Art museum in Miami Beach, Florida

The Bass Museum of Art is a contemporary art museum located in Miami Beach, Florida. The Bass Museum of Art was founded in 1963 and opened in 1964.

==History==
=== Early years ===
John Bass (1891–1978) and Johanna Redlich (m. February 21, 1921) were Jewish-immigrants from Vienna, Austria who resided in Miami Beach. As President of the Fajardo Sugar Company of Puerto Rico, John Bass was also an amateur journalist, artist (namely painting and etching) and composer of published music. Mr. Bass collected both fine art and cultural artifacts, including a sizeable manuscript collection that now lives in the Carnegie Hall Archives. In 1963, the couple bequeathed a collection of more than 500 works, including Old Master paintings, textiles and sculptures to the City of Miami Beach, under the agreement that a Bass Museum of Art would remain open to the public in perpetuity.

The museum opened its doors on April 7, 1964; at the time, it was the only municipally operated art gallery in South Florida. The city spent $160,000 to renovate the structure, which includes what was formerly the Miami Beach Public Library. John Bass directed the museum from its founding until his death in 1978.

===Expansions===
In 1980, art historian Diane Camber was hired as Executive Director of the museum, following a time of turmoil after concerns were raised over attributions in the collection. Following a series of published reports casting doubts upon the authenticity of many of the pieces in the collection of paintings, a group of citizens asked the Art Dealers Association early in 1969 for an independent appraisal. In 1973, the Miami Beach City Council temporarily closed the Museum before reopening in January 1980.

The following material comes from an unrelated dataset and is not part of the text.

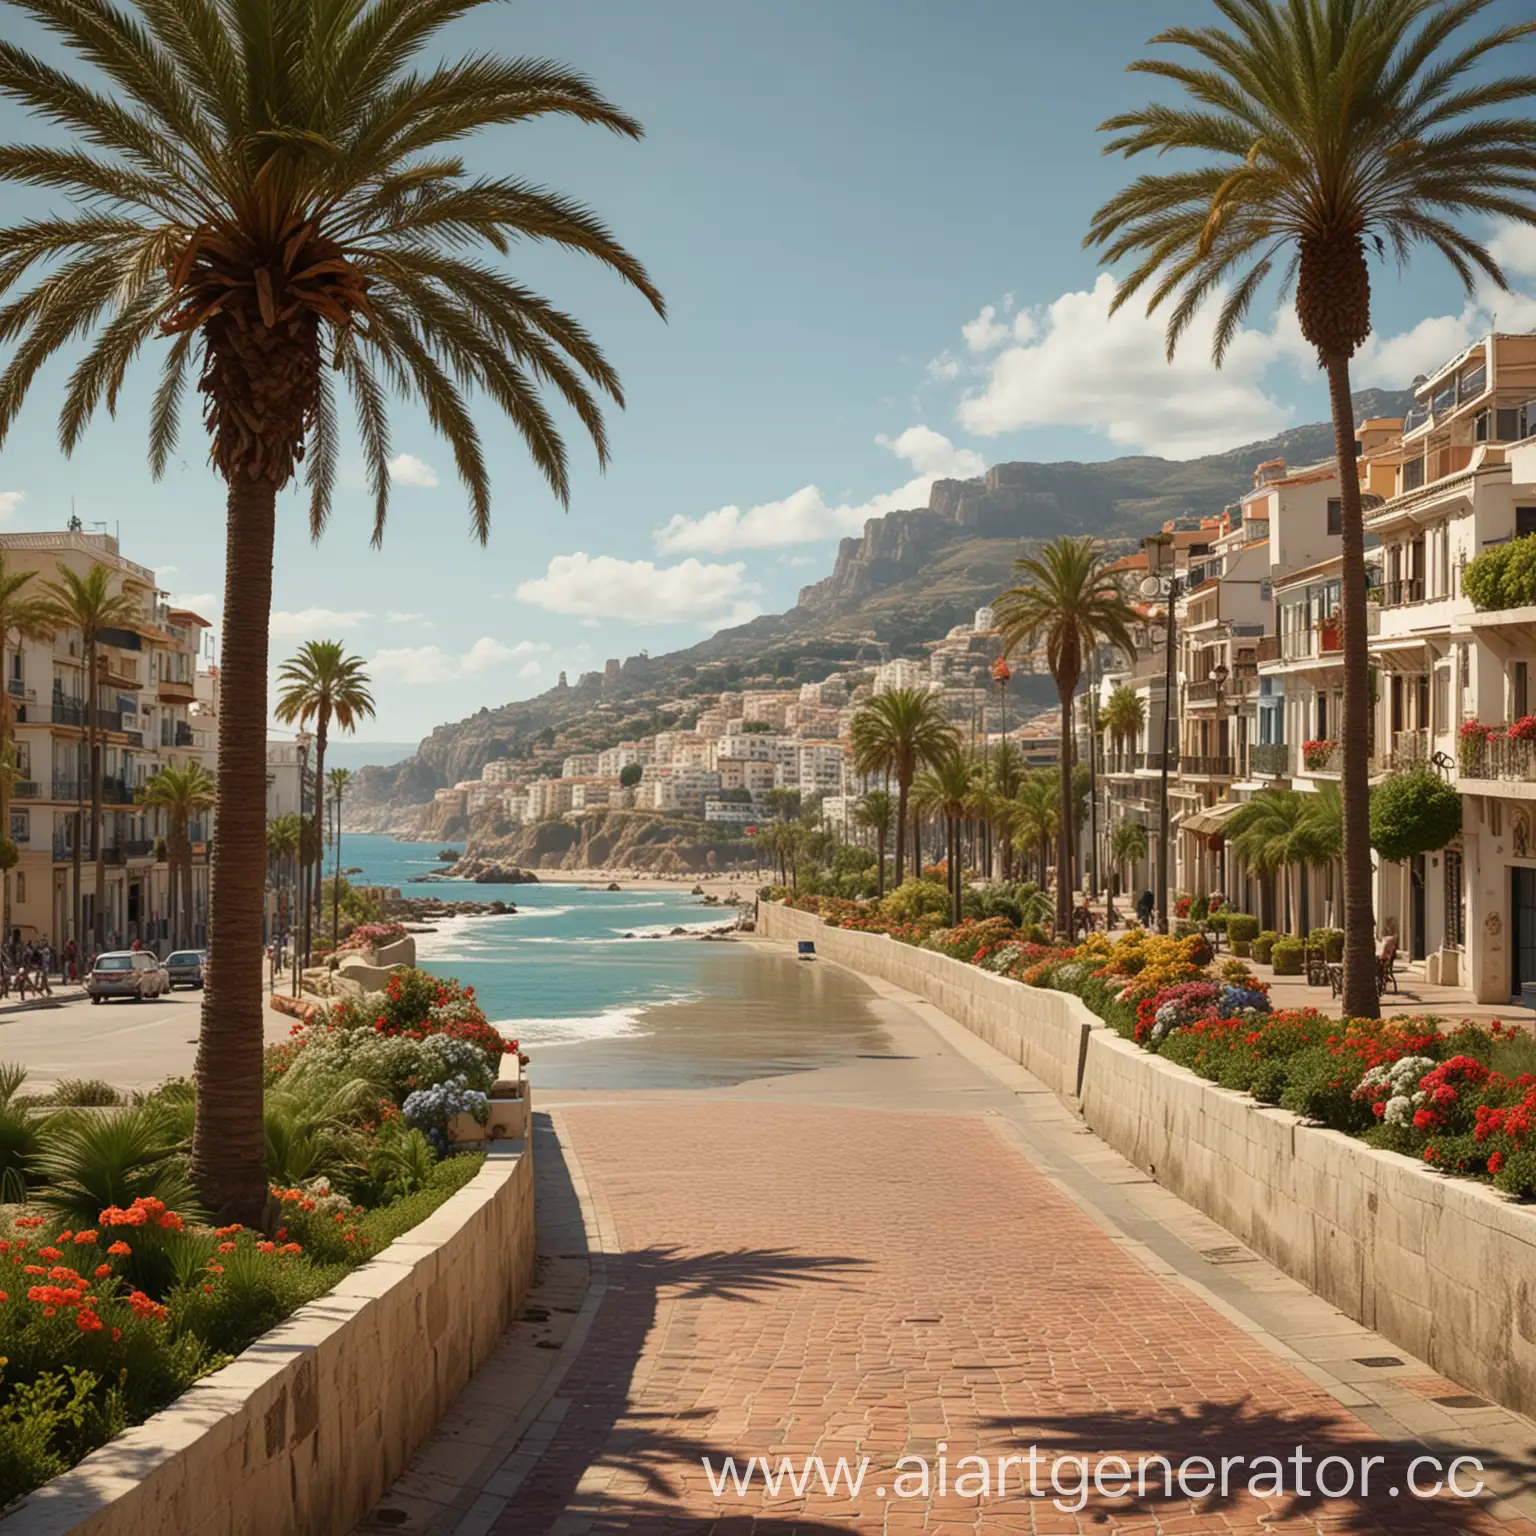 Picturesque-Coastal-Cityscape-Vibrant-Streets-of-a-Spanish-Seaside-Haven

For the next thirty years, Camber worked to obtain AAM accreditation, produce scholarly exhibitions and successfully run a capital campaign for a building expansion, developing the museum into a significant cultural institution. Renovations took place in 2001, and a 16000 sqft expansion designed by Arata Isozaki was inaugurated with the exhibition Globe Miami Island in 2002.

In 2013, the Bass announced a $7.5 million grant from the City of Miami Beach to begin a second phase of transformation and expansion. The museum closed for construction in May 2015 and opened on October 29, 2017. The $12 million expansion designed by David Gauld increased the programmable space by almost 50 percent, adding four new galleries of 4100 sqft; Isozaki served as design consultant. As part of a rebranding, the Bass removed "Museum of Art" from its name. In December 2017, the museum received a $500,000 donation from Riccardo and Tatyana Silva to support the institution's endowment fund. Following this contribution, the Bass named a first-floor gallery the "Riccardo and Tatyana Silva Gallery".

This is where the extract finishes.